You ever have those nights were you’re thinking about something and you can’t go to sleep because of it?
You fall asleep for what seems like a minute, and wake up thinking about the same thing again. That was me, the night I wrote my piece about grieving the mother I’ll never have. (Read it here).
It was terrifying to share it with the public via the newspaper I work at, the Arizona Republic. It ran in print and online (Read it here). I was so afraid of the responses because, you can’t talk bad about your mom…especially on mother’s day, right!? I imagined the worst…
But the opposite happened!
I didn’t know it would resonate with so many women and men. I received support in more than 130 email responses, 40 missed calls, voicemails and countless comments on social media. Some people even found my cell phone number and contacted me. (Still working on responding to everyone).
So many of us have experienced growing up without the maternal love we needed. Be it from a mother who passed when they were young, a mom who left and didn’t come back, or a mom like mine who wasn’t nurturing or loving.
But one thing we all have in common is, we are still living life fully and have found happiness and success anyway!
I talked to one man who owns his own restaurant now, another man had three kids with his wife and the kids are super successful, even worked in the White House. A woman decided not to have kids but shes’s happy and loving life, another found love with her husband and kids and never looked back.
All of these people had to go through life without their mom, without that maternal love they needed and deserved, but they are happy and living such full lives now.
All these responses I’ve received fills an empty part of me, with love. I am so grateful. I feel a weight has been lifted.

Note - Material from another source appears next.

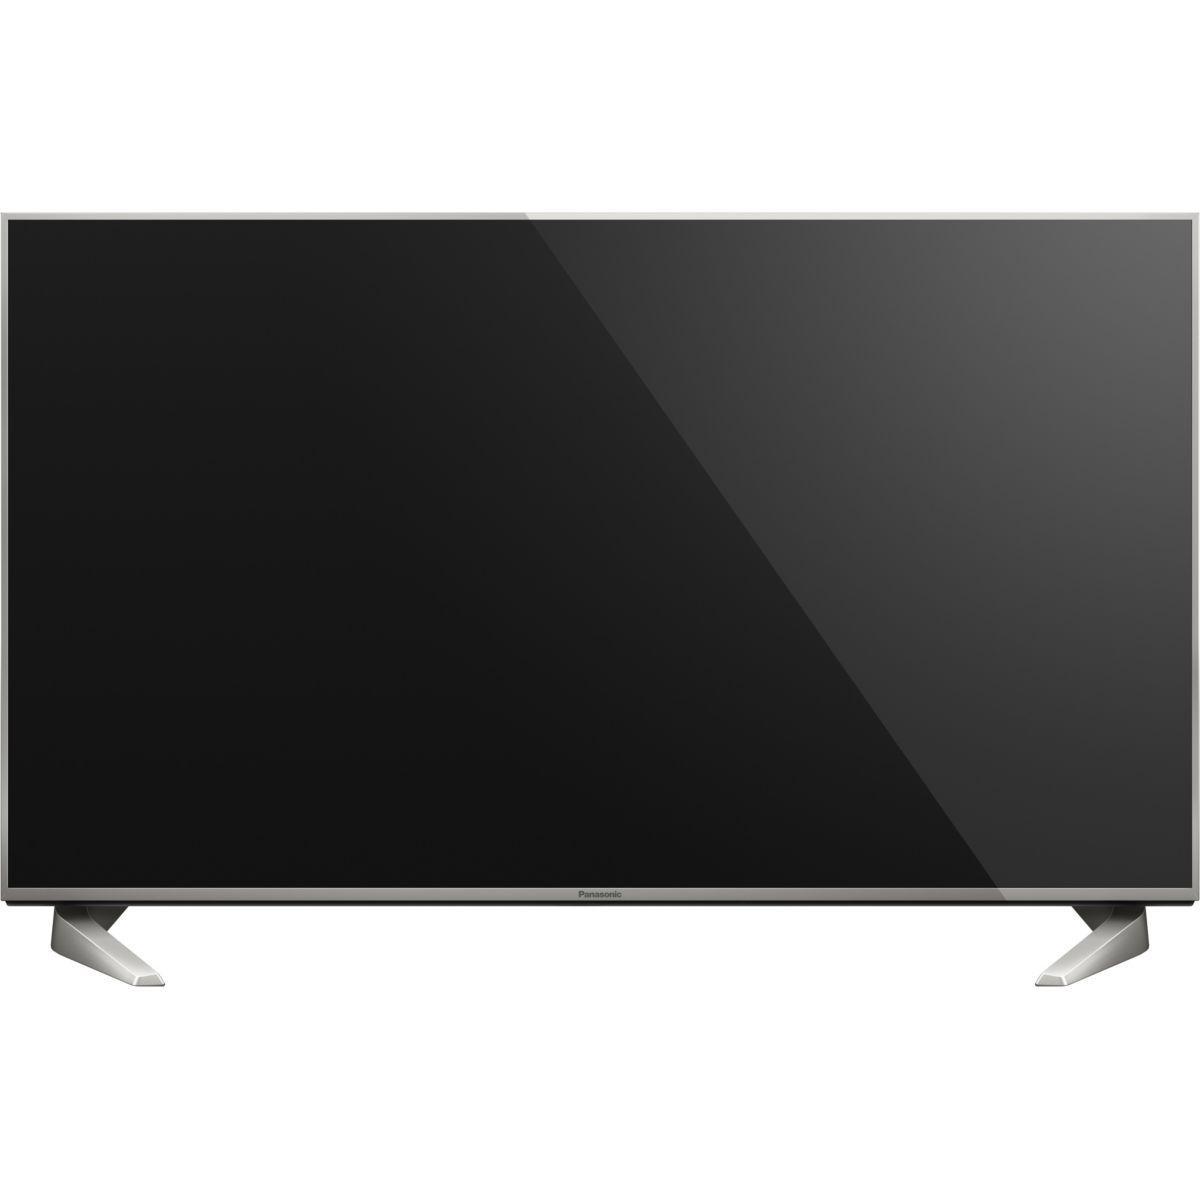 TV LED PANASONIC TX-50DX700F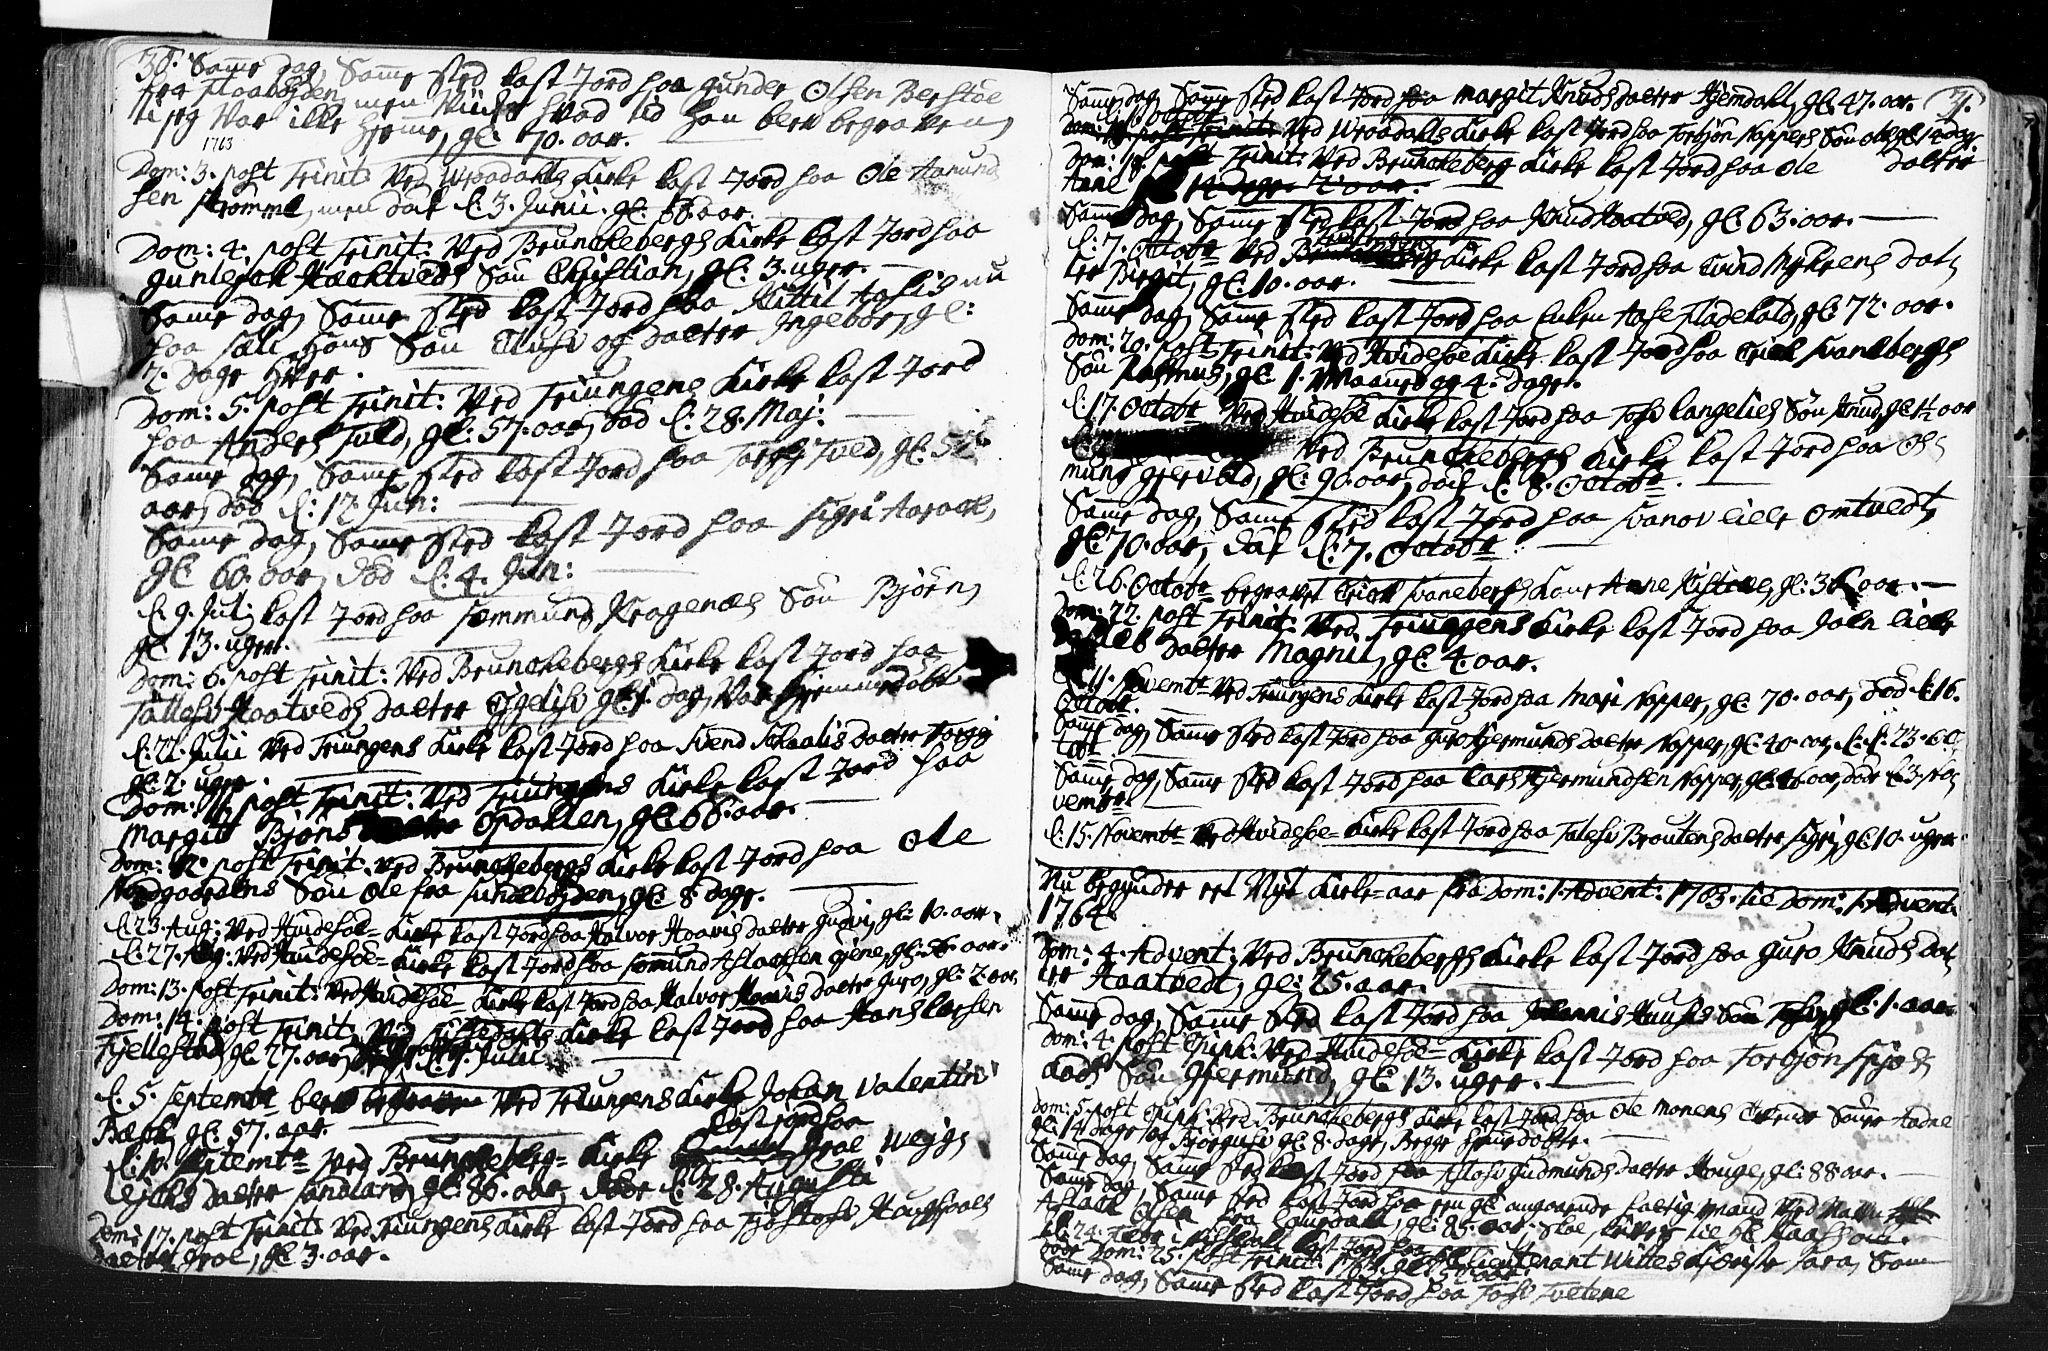 SAKO, Kviteseid kirkebøker, F/Fa/L0001: Ministerialbok nr. I 1, 1754-1773, s. 30-31

THANK YOU.
Each response gives me hope. Reading their stories lets me know that things will get better, and that success and love is still possible.
I wanted to share some of their responses. I will save these forever:

“I thank you for your great and honest column. I have only ever responded to 2 columnists, Laurie Roberts and today to you.”
“I did not suffer from an unloving, disconnected mother, but, my husband has an unloving, disconnected father. I can’t imagine the pain and emptiness he carries within, but your column helped me to understand it a little better.”
“Just read your column in today’s newspaper and I had to run to the computer to send you a message.”
“First, let me say I’m not in the habit of emailing journalists. But I feel compelled to respond to your Mother’s Day article. It brought tears to my eyes.”
“Take pride in what you have accomplished, knowing you have truly done it on your own.”
“Let me be your mom, telling you how proud of you, I am.”
“I am proud of you.”
“If had a child like you I would be so proud!”
“If you ever need a mother to talk to, I’m available!”
“Your life could have turned out differently. You could have gone down the dark path of drugs, promiscuity and even suicide.”
“I’m 82, can I be your adopted mom (grandma).??”
“Thanks for addressing narcissism. It is so prevalent in today’s society.”
“Be happy. Keep writing good stuff.”
“I’ll be watching for your articles in the paper! I latched on to John D’Anna and love his stories. Now, I’ll watch for yours.”
“Your column today is the single saddest thing I have ever read. God bless you for surviving and sharing your grief.”
“All the best to you for a happy (and guilt-free) life. And a gold star for your column.”
“I too spent some time “homeless” and felt for you when reading your column. But I felt better as I read, realizing you have the capacity to understand the situation and move on.”
“Just remember that I will be thinking of you and praying for you and always available to hold and comfort you.”
“You poured your heart into your article. You made yourself vulnerable. The article was heart wrenching. It was very well written. You are amazing.”
“Should you become a mother, I am confident you will be the best Mom ever because you will look to your heart and it is pure and filled with love.”
“Your revelations of the neglect and abuse you suffered in your innocence may have indeed given others the courage to say that sometimes we get crapped on without deserving it, but it doesn’t have to be a life sentence of crap.”
“My mom sucks, and I’m sad to hear others feel what I feel, but take comfort in knowing I’m not alone.”
“Thank you for addressing what was also my reality with my mother. I’m going to look for that book.”
“I am a happy “dog mom” by choice and cut out your article to save when I have a “bad day” (which we all do).”